Fr. Tadeusz Dajczer reminds us in his introduction to S. C. Biela's book God Alone Suffices that when faced with difficult situations, or what we perceive as impossible to change: “we can choose the way of faith, trusting that the endangerment is the
opportunity leading us to Jesus, who controls the situation, or, on the
Marian way, to Christ through Mary. If it is she who is in control, then we only need to find shelter under her mantle and already we become calm and safe.”
(God Alone Suffices, p. xviii. Bold emphasis added.)
Our Lady of Guadalupe's words to St.

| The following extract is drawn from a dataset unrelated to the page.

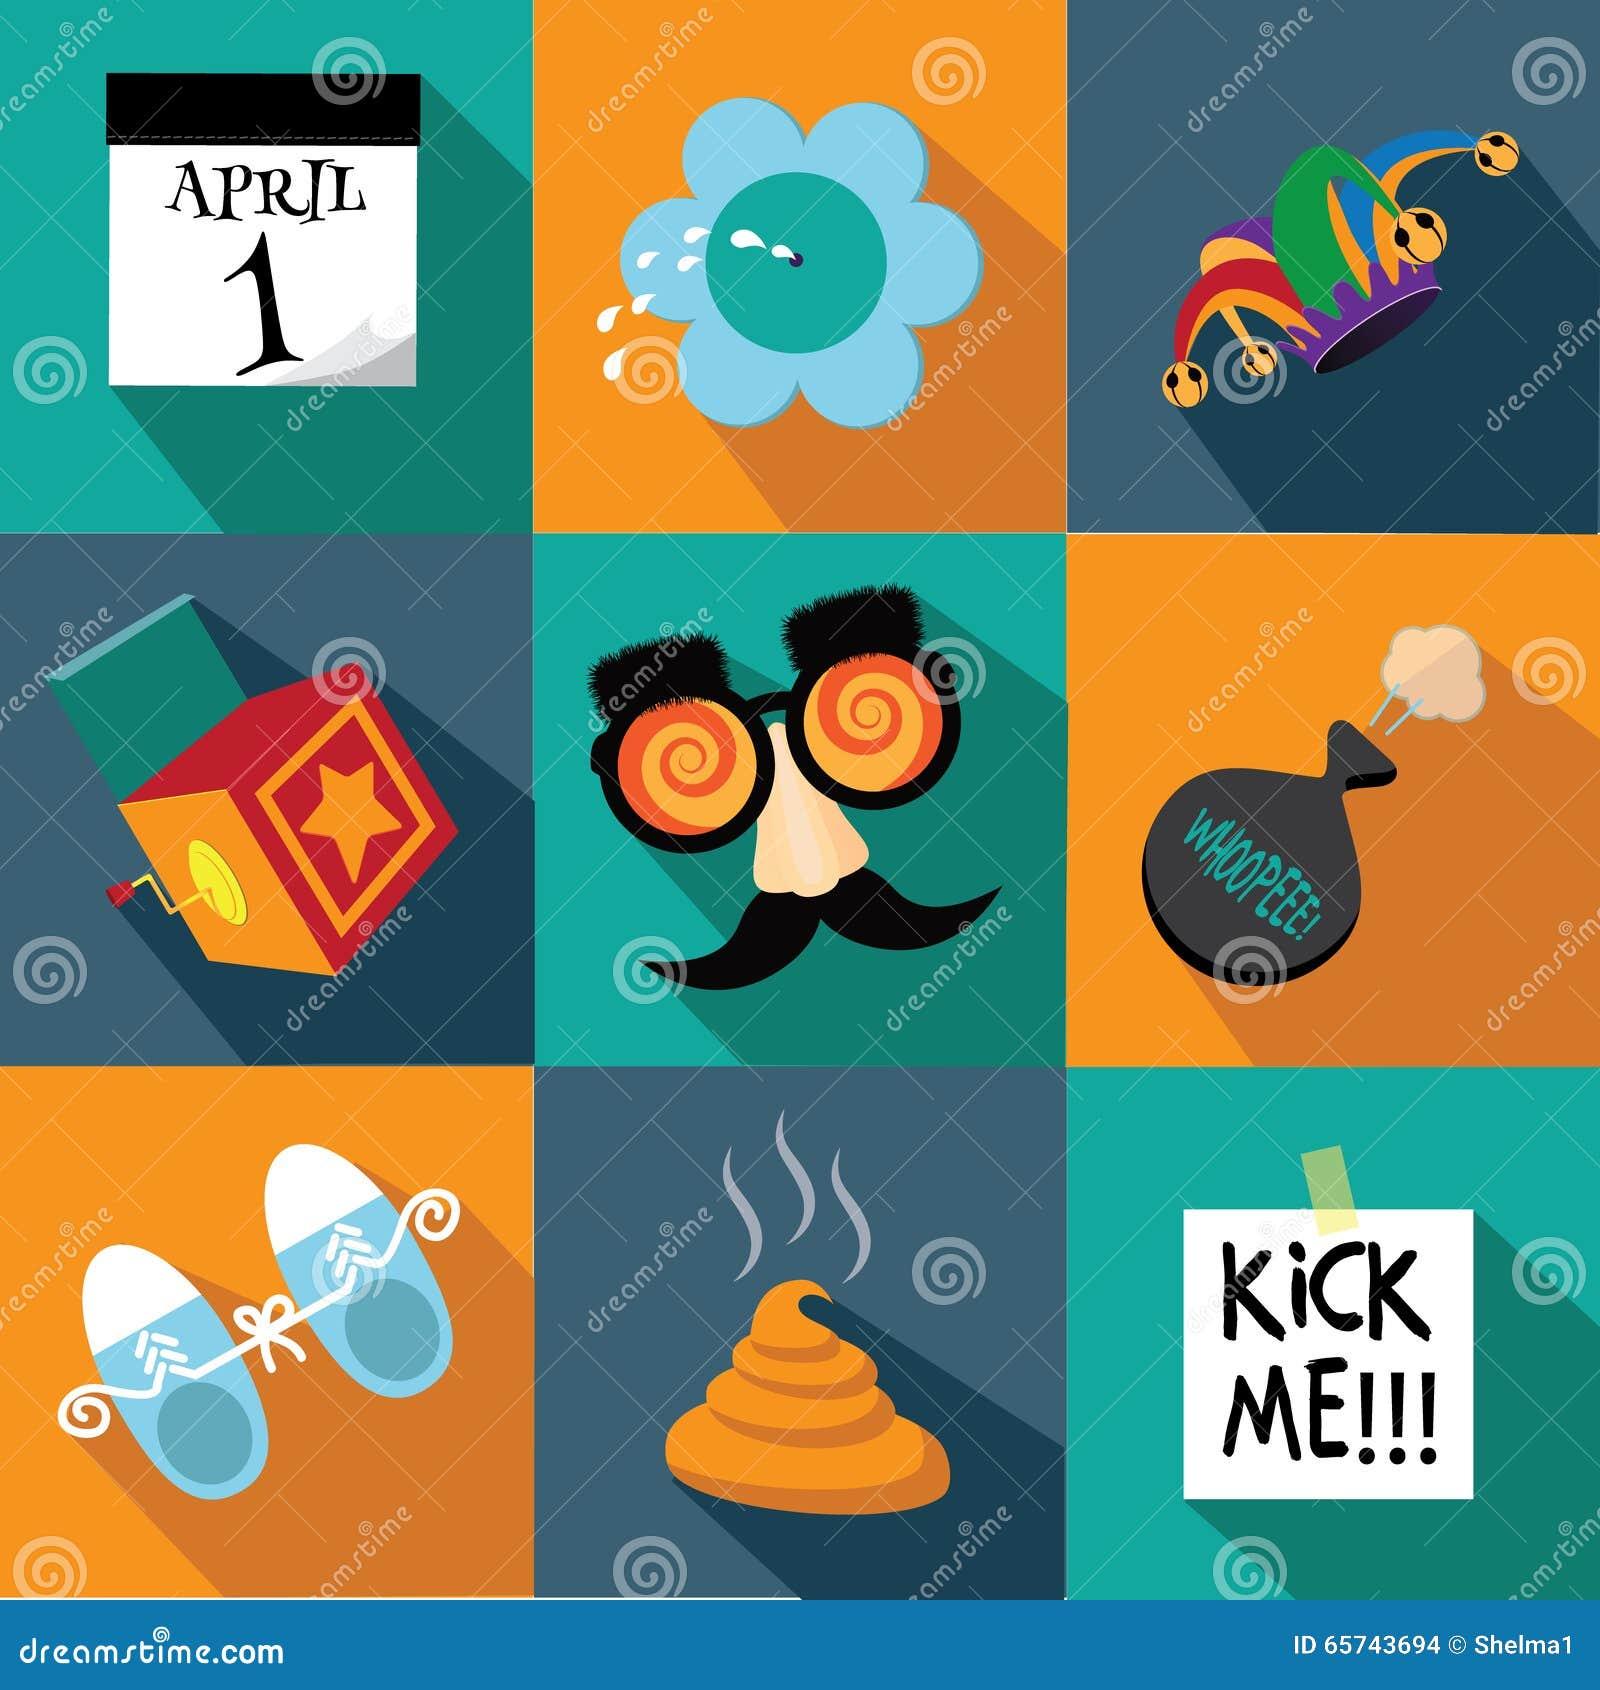 April Fools Day flat design icon set

Juan Diego can become the words she says to me:
my youngest and dearest [child],
the thing that afflicts you,
is nothing.
Do not let your countenance,
your heart be disturbed. . .
.
Am I not here, I, who am
your Mother?
Are you not under my shadow
and protection?
Am I not the source of your
joy?
Are you not in the hollow of
my mantle,
in the crossing of my arms?
Do you need anything more?
(Antonio Valeriano, “Nican Mopohua: Original account of
Guadalupe,” in A Handbook on Guadalupe,
ed. francis Mary Kalvelage, trans. Mario Rojas Sánchez and Janet Barber (New
Bedford, MA: Academy of the Immaculate, 2001), 200. Italic and hard return
emphasis added.)
Now,
the Christ-mas cookies have value –
more value in the garbage than on the plate. This Advent, instead of thinking of and hungering for cookies, I am asking my MOM to hunger in me and for me for what truly matters...Her Son. My Savior.